When application already work, you can also check via port-fowarding of expose service to validate them in WebUI of Kokoro-TTS at localhost:8880/web

kubectl expose deployment/kokoro-fastapi --port 8880 --target-port 8880
kubectl port-forward service/kokoro-fastapi 8880:8880

Next stuff, I want to implementation and use the Application Load Balancer (ALB) of VNG to expose my application, and also create inbound endpoint. But first, VKS requires some CRDs to create vLB (Load Balancer of VNG) in Kubernetes Native, you can use helm-chart already reference above vngcloud-load-balancer-controller to install that controller into VKS Cluster. Read more at

VNG - Ingress for an Application Load Balancer: User Guide for installing Ingress with ALB
VNG - Configure for an Application Load Balancer: Annotation for more advantage configuration

But with default values of controller will lead you to issue because it exist more stuff need to be modified comparison with default, e.g: vserverURL, clusterID (not relation) and clientID and clientSecret (obligatory). So here fully command to help you successfully deploy this controller

helm install vngcloud-load-balancer-controller oci://vcr.vngcloud.vn/81-vks-public/vks-helm-charts/vngcloud-load-balancer-controller \
  --namespace kube-system \
  --set mysecret.global.clientID= __________________ \
  --set mysecret.global.clientSecret= __________________ \
  --set mysecret.cluster.clusterID= ____________________ \
  --set mysecret.cluster.vserverURL= https://<region>.api.vngcloud.vn/vserver

For more information, you can use pull and template command to see detail inside this component when it operates

helm template vngcloud-load-balancer-controller oci://vcr.vngcloud.vn/81-vks-public/vks-helm-charts/vngcloud-load-balancer-controller \
  --namespace kube-system \
  --set mysecret.global.clientID= __________________ \
  --set mysecret.global.clientSecret= __________________ \
  --set mysecret.cluster.clusterID= ____________________ \
  --set mysecret.cluster.vserverURL= https://<region>.api.vngcloud.vn/vserver \
  --debug > install.yaml

If you feel pleasure with install.yaml, you can directly apply the configuration with command apply and your controller will appear in kube-system namespace

Next, I prefer to operate additional nginx-ingress as ingress class for deploy in VKS, so that why I will deploy nginx-ingress-controller with mode LoadBalancer and let’s it request the ALB from controller and attach it into this nginx-ingress, and after that you will able to assign ingress with nginx class to let nginx-controller routing your traffic to specific backend

# Add Helm repo
helm repo add ingress-nginx https://kubernetes.github.io/ingress-nginx && \
helm repo update
 
# Installation
helm upgrade --install nginx-ingress ingress-nginx/ingress-nginx \
  --repo https://kubernetes.github.io/ingress-nginx \
  --namespace kube-system --set "controller.publishService.enabled=true"
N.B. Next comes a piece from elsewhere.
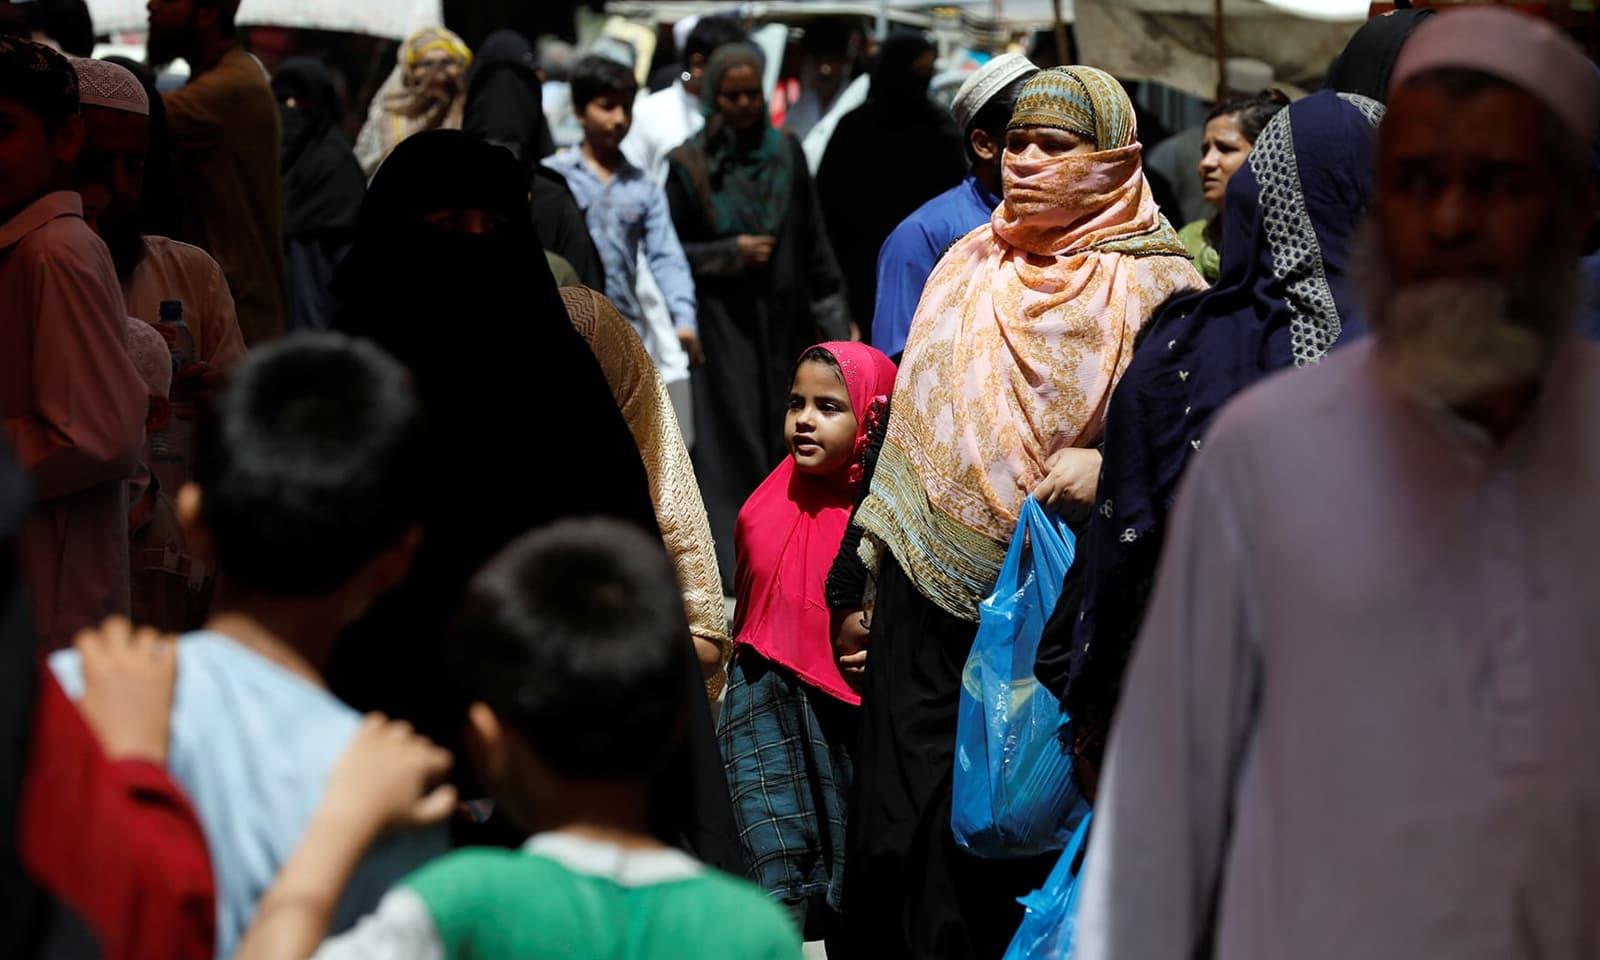 کراچی میں خواتین و بچوں کی بڑی تعداد ماسک کے بغیر بازاروں میں گھومتی نظر آئی— فوٹو: اے ایف پی
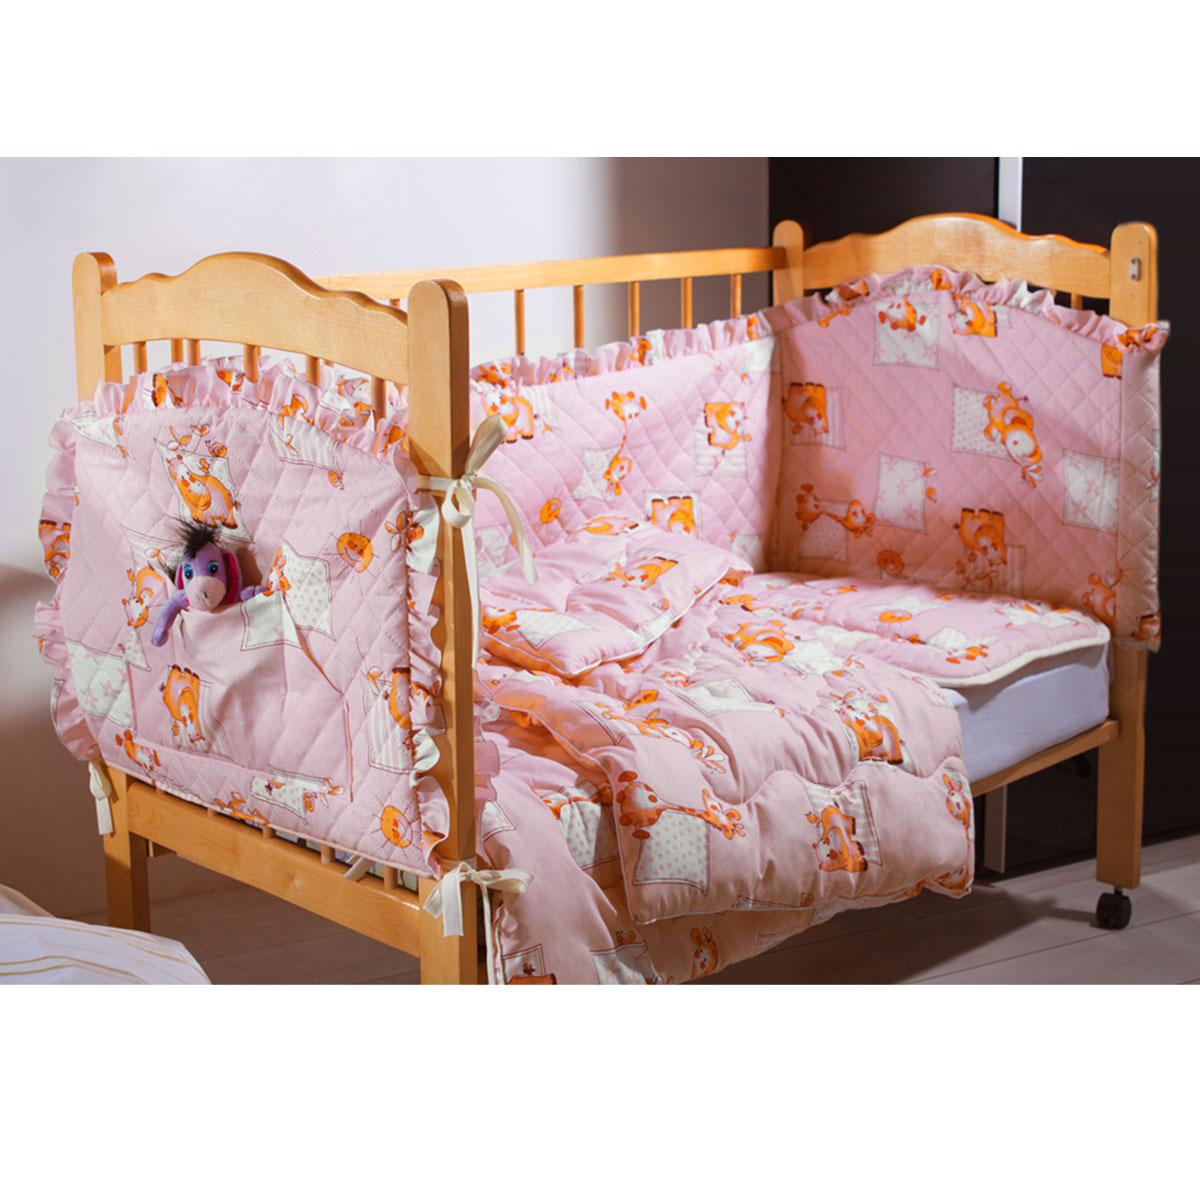 Комплект в кроватку Primavelle Кроха, цвет: розовый, 5 предметов. 601104005-26

Now create the ingress to expose kokoro-fastapi with ALB

kubectl create ingress kokoro-fastapi \
--rule=kokoro.example.com/\*=kokoro-fastapi:8880 --class nginx \
--dry-run=client --output yaml | kubectl apply -f -

For testing, you can combine with curl with header Host: ALB IP

curl -H 'Host: kokoro.example.com' http://<ALB>/health
 
{"status":"healthy"}

GLB and DNS Get Ready

Multi-cluster DNS-based load balancing with Azure Kubernetes Fleet Manager

After successfully defining and confirming the status of all your multi-clusters, the next crucial step is integrating Global Load Balancer (GLB) and DNS. This integration must not only handle the resolution of a single IP address for Kubernetes but also manage the setup for a Pool of Active IP addresses across all activated clusters.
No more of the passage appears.